While President Bush was dissembling on global warming Wednesday afternoon, Justice Department attorneys were busy putting the final touches on that friend-in-the-court brief we warned about. As expected, DOJ defends the auto industry's argument-- smacked down by District Court Judge William Sessions in September 2007-- that federal energy law preempts Vermont's clean cars law. Its amicus brief chides the lower court for not giving extreme deference to the administration's finding of preemption in the CAFE regulations issued in 2006, and strongly hints that forthcoming CAFE rules responding to December's congressional energy bill will reiterate that position.
Yet rather than support the industry's appeal outright, the administration is asking that the Second Circuit declare the entire case "not justiciable" on ripeness grounds; it's preferred solution is for the court to toss Sessions' ruling, and then remand the case to him for outright dismissal. DOJ argues that Sessions was wrong to hear the case while the EPA had yet to rule on California's waiver application, and so long as that waiver's denial remains in effect-- which all parties agree currently pre-empts California from moving forward, and Vermont and a dozen other states from following suit-- a ruling here would serve as a mere "advisory opinion."
Vermont Attorney General William Sorrell tells the AP, in response, that, "there's a long way that the Bush administration has to go before they uphold the validity of that waiver." Nevertheless, delaying legal judgment on the EPCA argument until later might well be the administration's aim in suddenly asserting a lack of ripeness several years after this suit was filed. Were the courts to adopt the administration's position in this case, then following an EPA loss in court (which the agency's lawyers warned would be inevitable), the industry could simply assert its other preemption claims anew.
Of course, by that time, Bush might be out of office, and the new administration might well reverse its legal accord with the auto industry. But seeing as passing the buck on climate change is a pursuit that this administration has proved rather adept at, why should this case be any different?

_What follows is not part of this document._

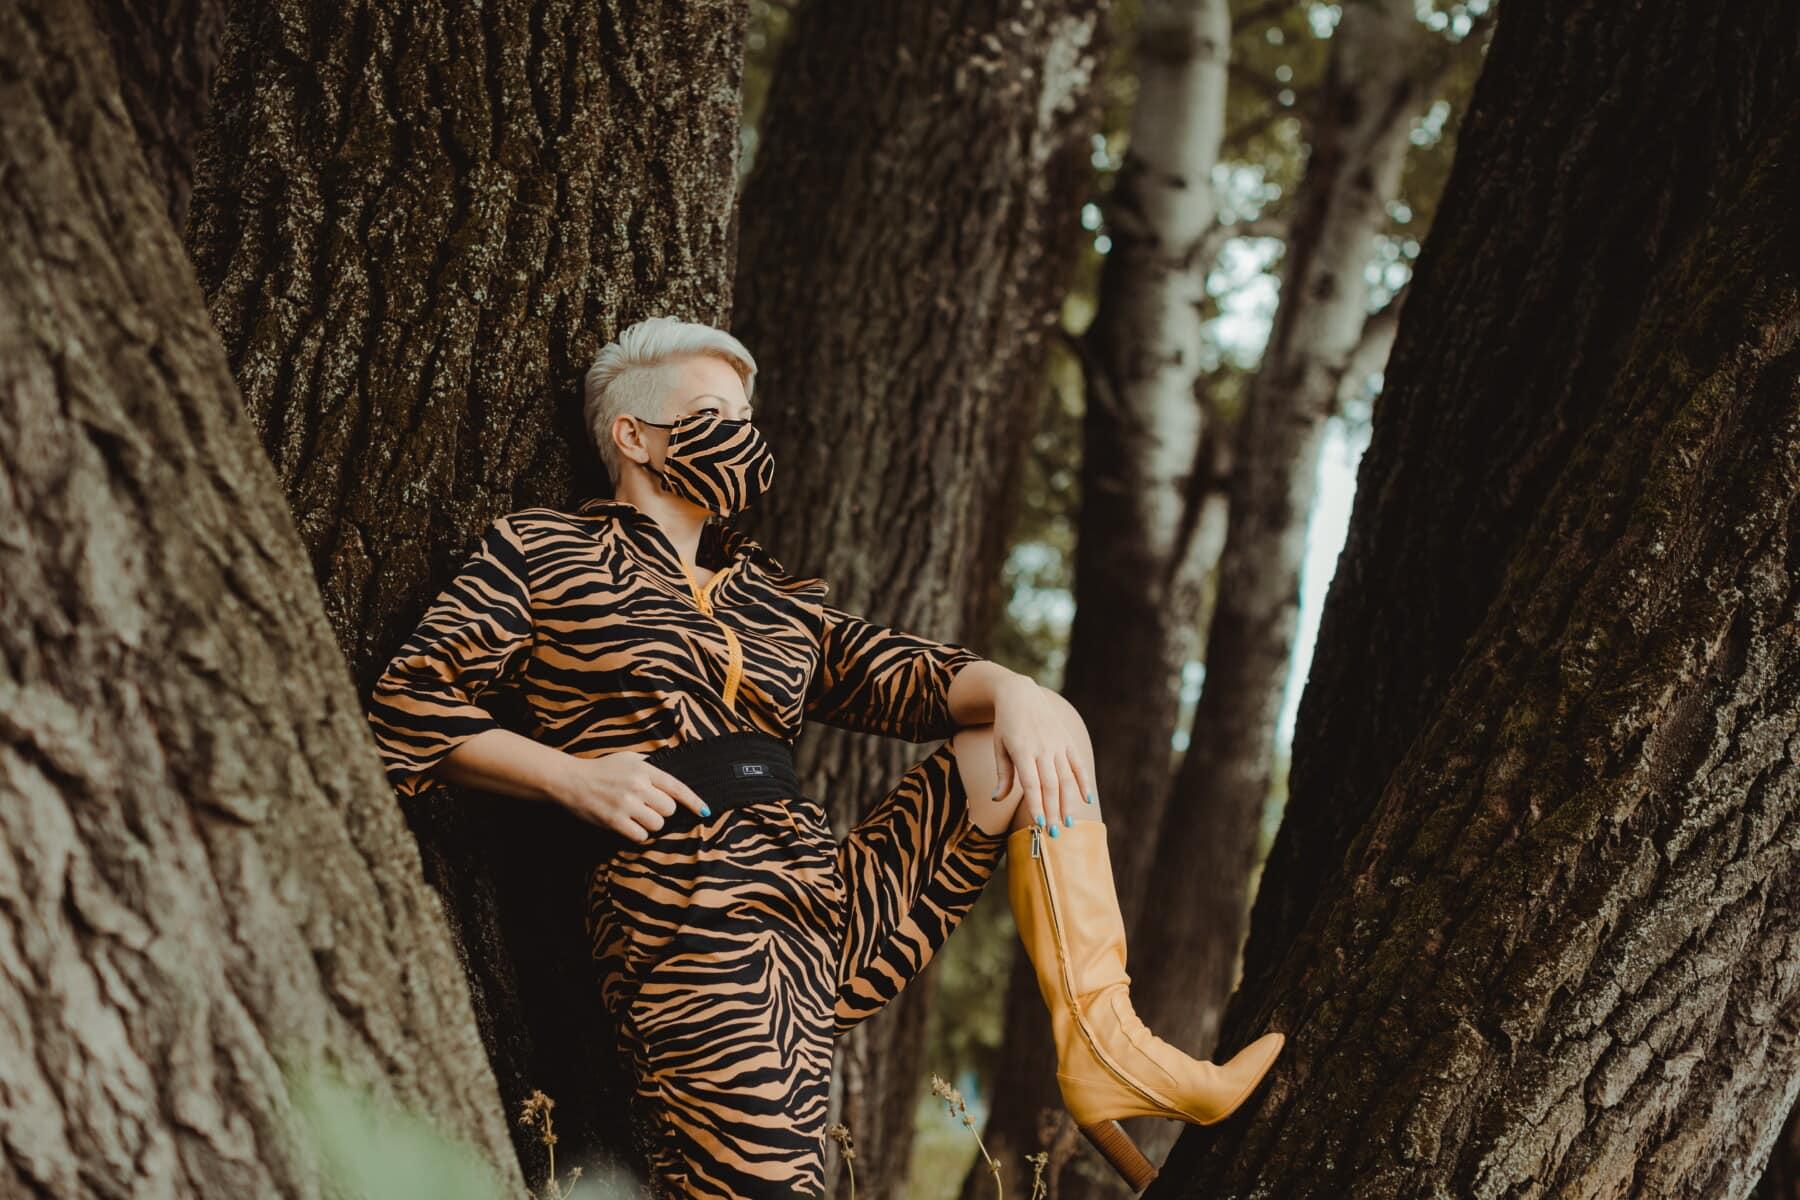 herrlich, junge Frau, posiert, Fotomodell, Gesichtsmaske, Outfit, Mode, Camouflage, Natur, Holz
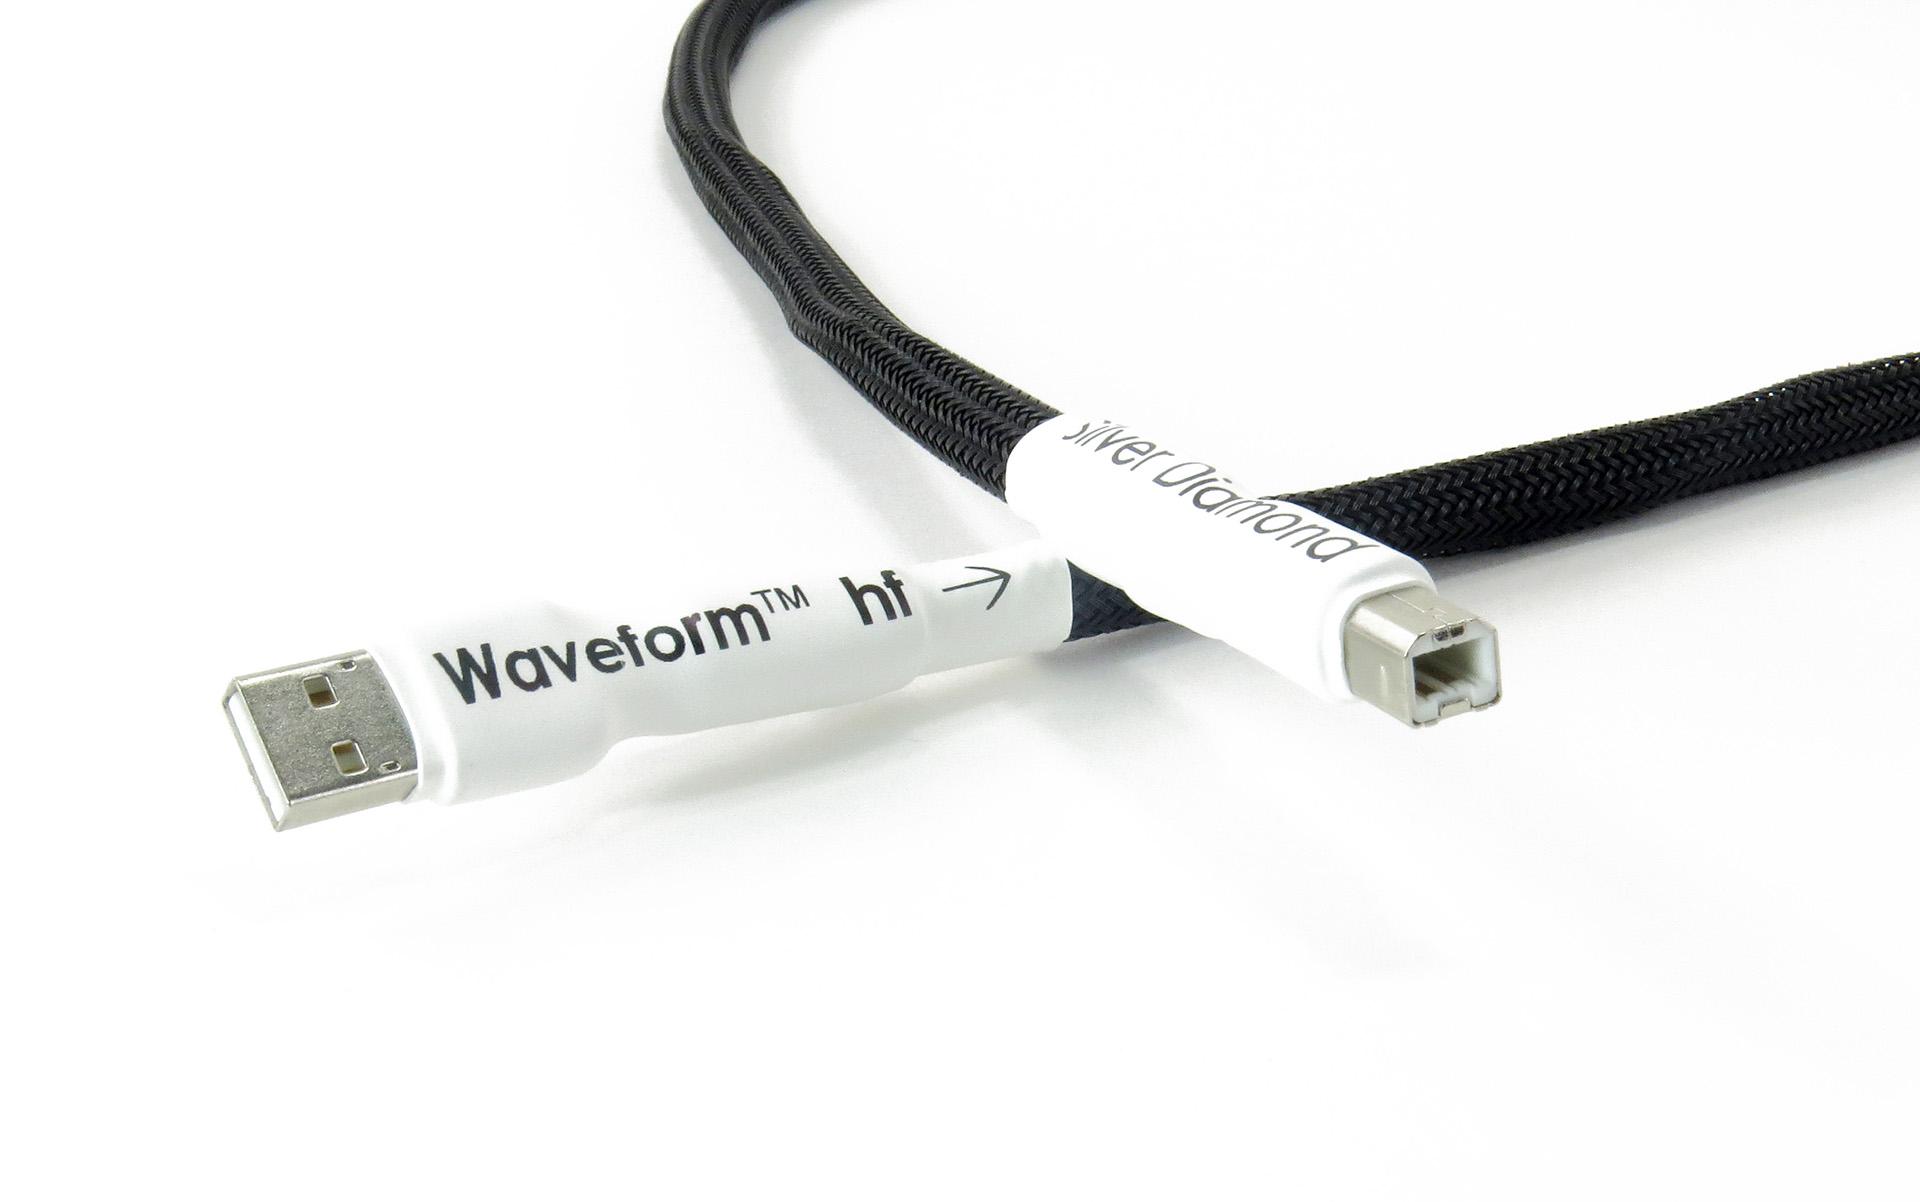 Tellurium Q | Silver Diamond | Waveform™ hf USB Cable

I thought that there was supposed to be at most just two sets of rules -- the federal rules and the California rules. We are not supposed to have Vermont rules too.
Posted by: Larry Fafarman | April 20, 2008 at 03:20 AM
The Act allows other states to adopt the Cal. rules. When they do so, there are still only two sets of rules: the federal rules and California's.
Posted by: Tim Dowling | April 20, 2008 at 06:29 PM
--"The Act allows other states to adopt the Cal. rules. When they do so, there are still only two sets of rules: the federal rules and California's. "--
Yes, I know that. But if Vermont supports the proposed California greenhouse-gas auto emissions standards, then Vermont should join California's suit over denial of the waiver. Vermont should not sue separately.
Posted by: Larry Fafarman | April 20, 2008 at 09:06 PM
Vermont didn't sue. Industry sued Vermont. USDOJ filed an amicus brief.
Posted by: Tim Dowling | April 20, 2008 at 10:46 PM
And as far as California's suit challenging EPA's waiver denial is concerned, Vermont does support California. But the 2d Circuit litigation involving Vermont's rules was fied by industry, not Vermont.
Posted by: Tim Dowling | April 20, 2008 at 10:49 PM
"juisticeability" sounds like another Bushism. Like "truthiness".